● Recorded data:
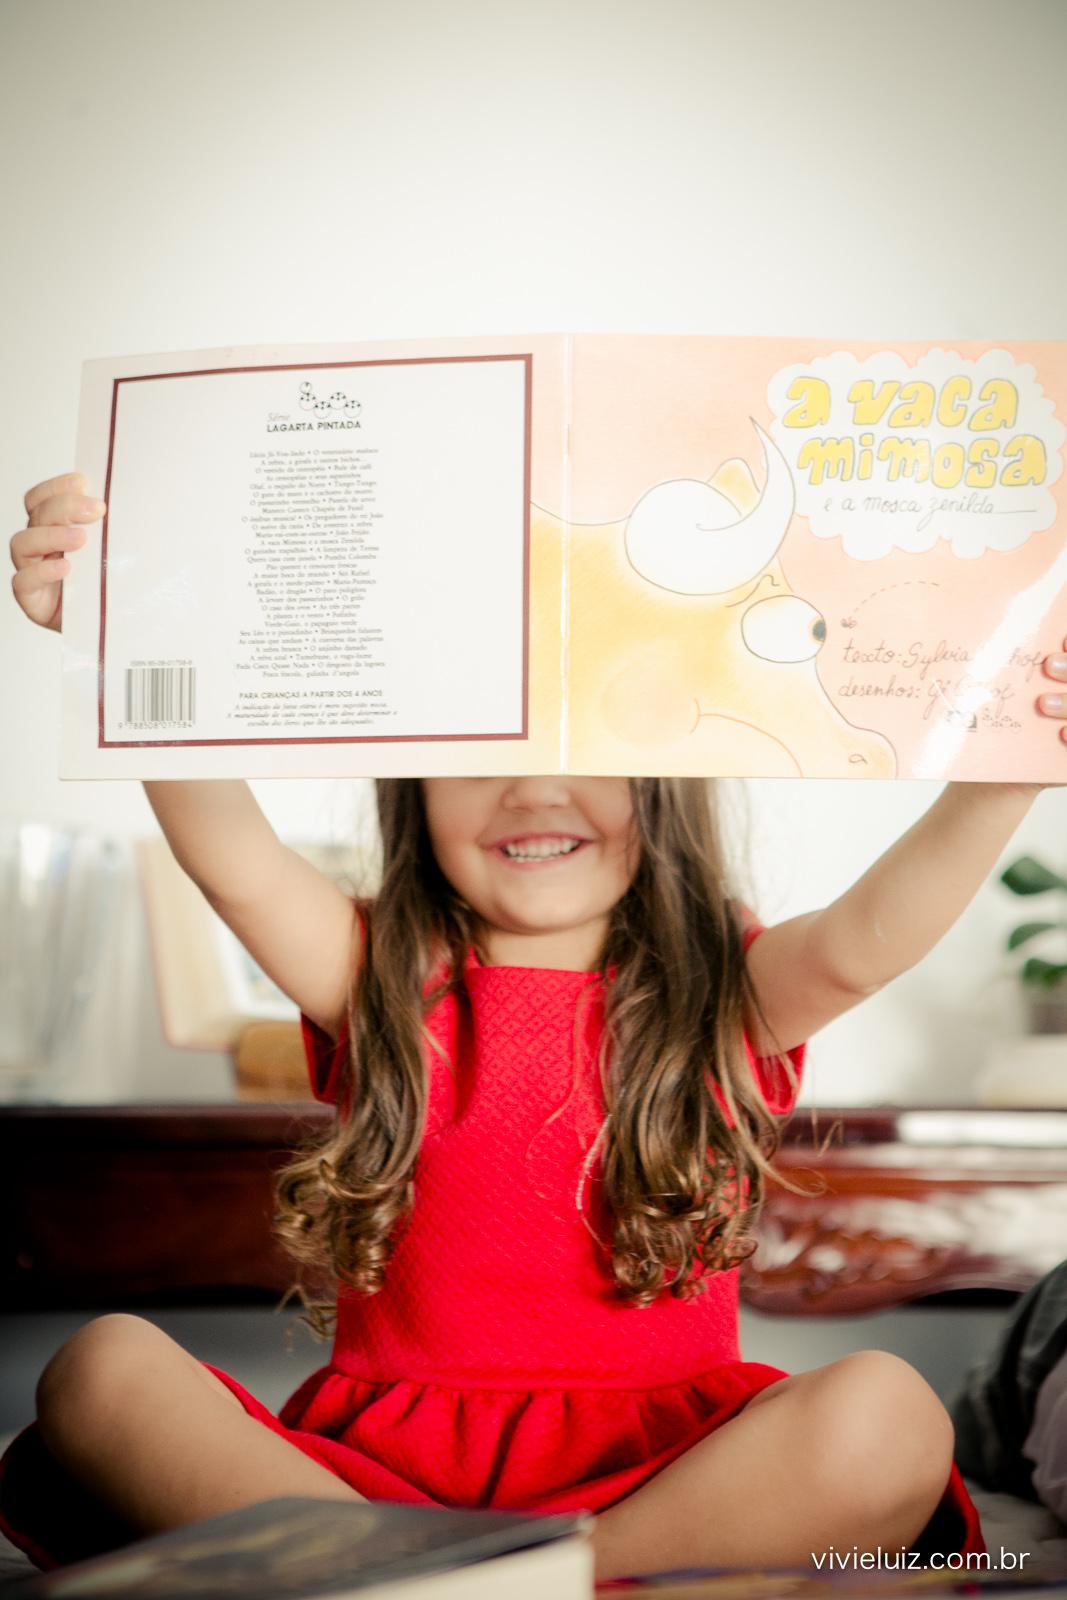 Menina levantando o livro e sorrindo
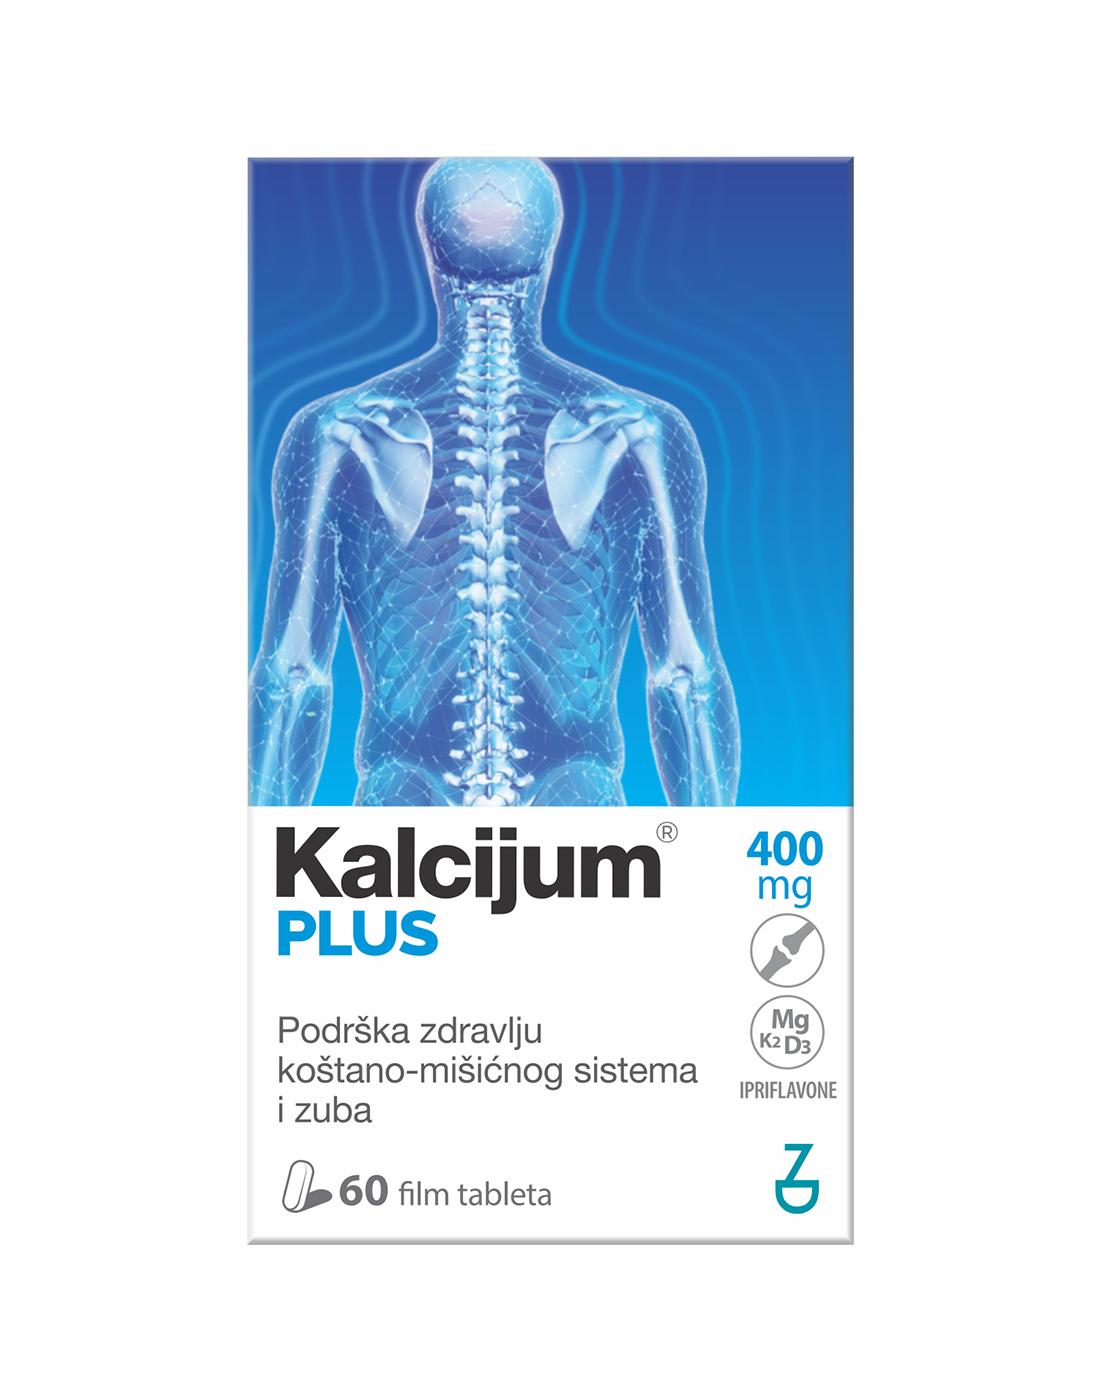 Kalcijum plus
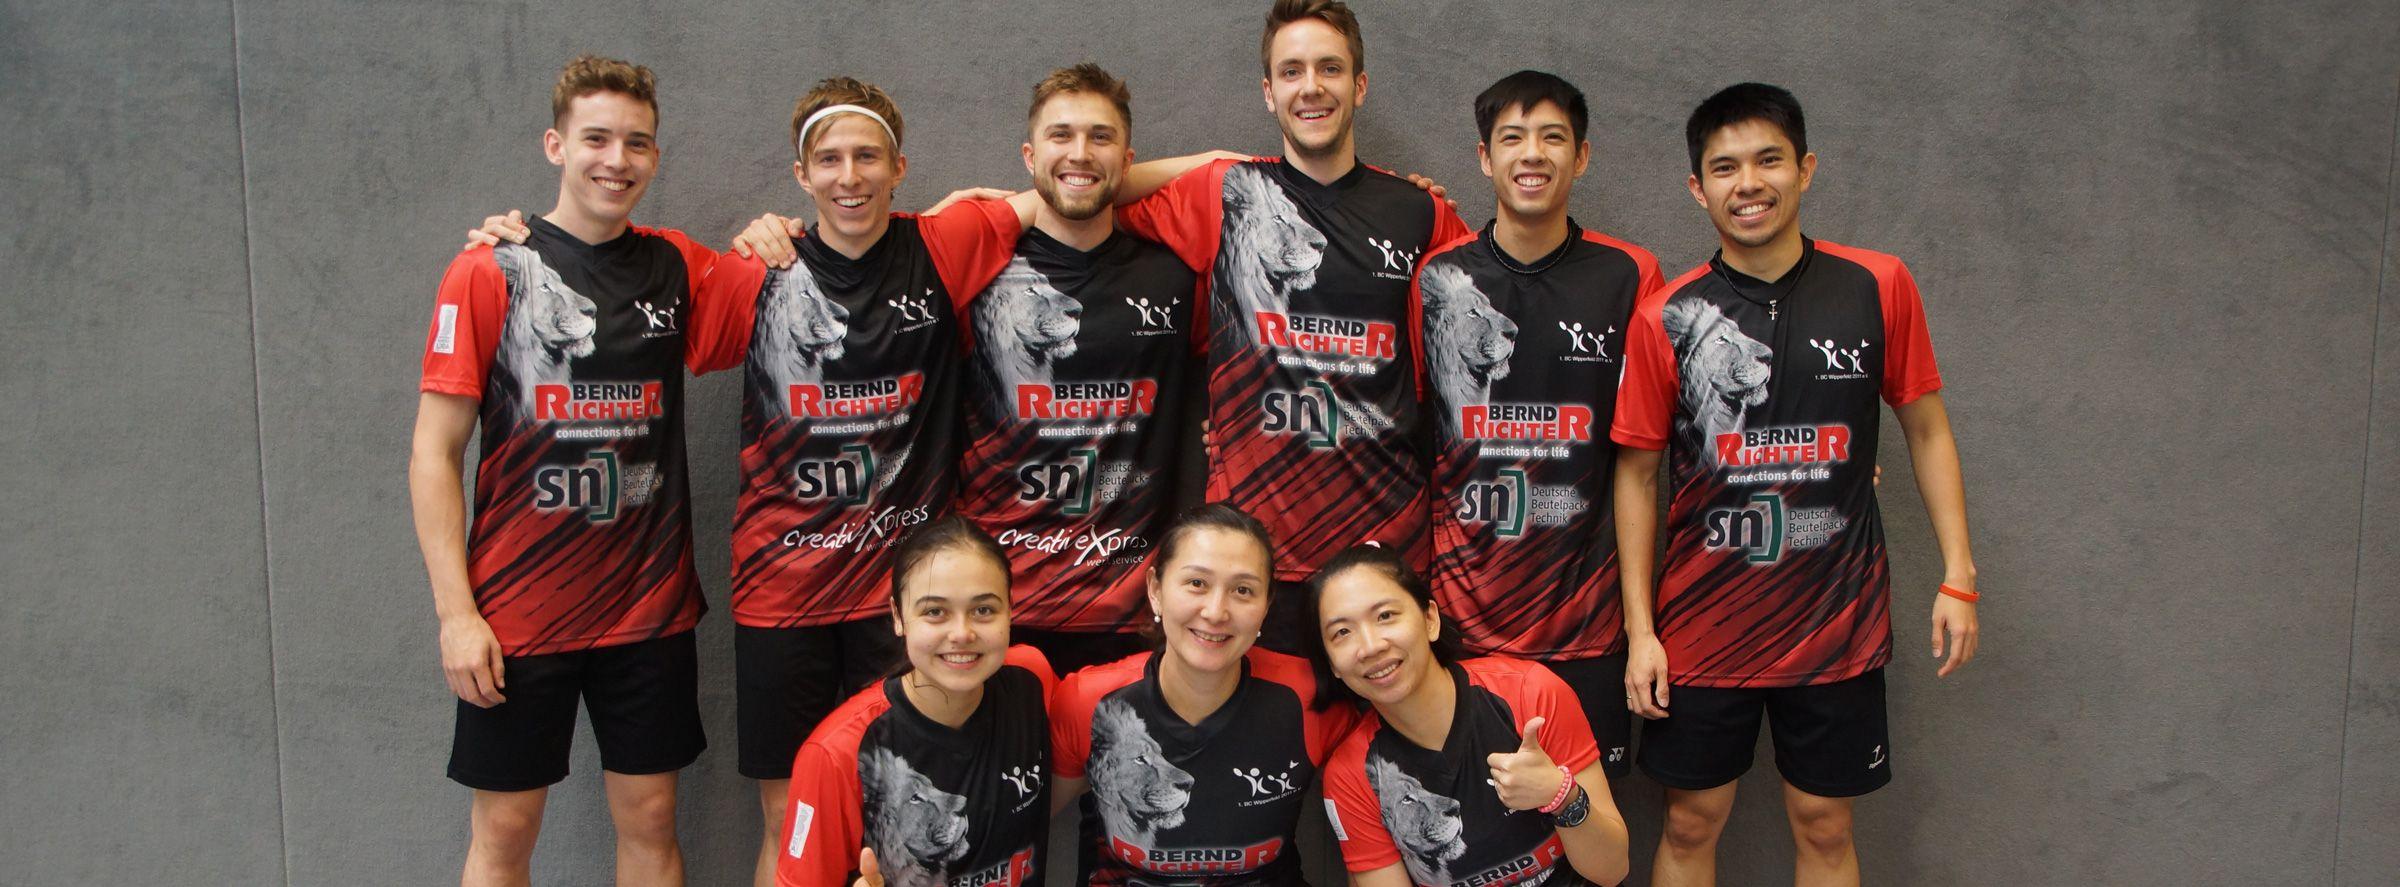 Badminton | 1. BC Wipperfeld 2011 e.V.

● Work item:
In your copy of the material, match every word exactly and include no pictures.

● Response to the exercise:
 Menina levantando o livro e sorrindo
 Kalcijum plus
 Badminton | 1. BC Wipperfeld 2011 e.V.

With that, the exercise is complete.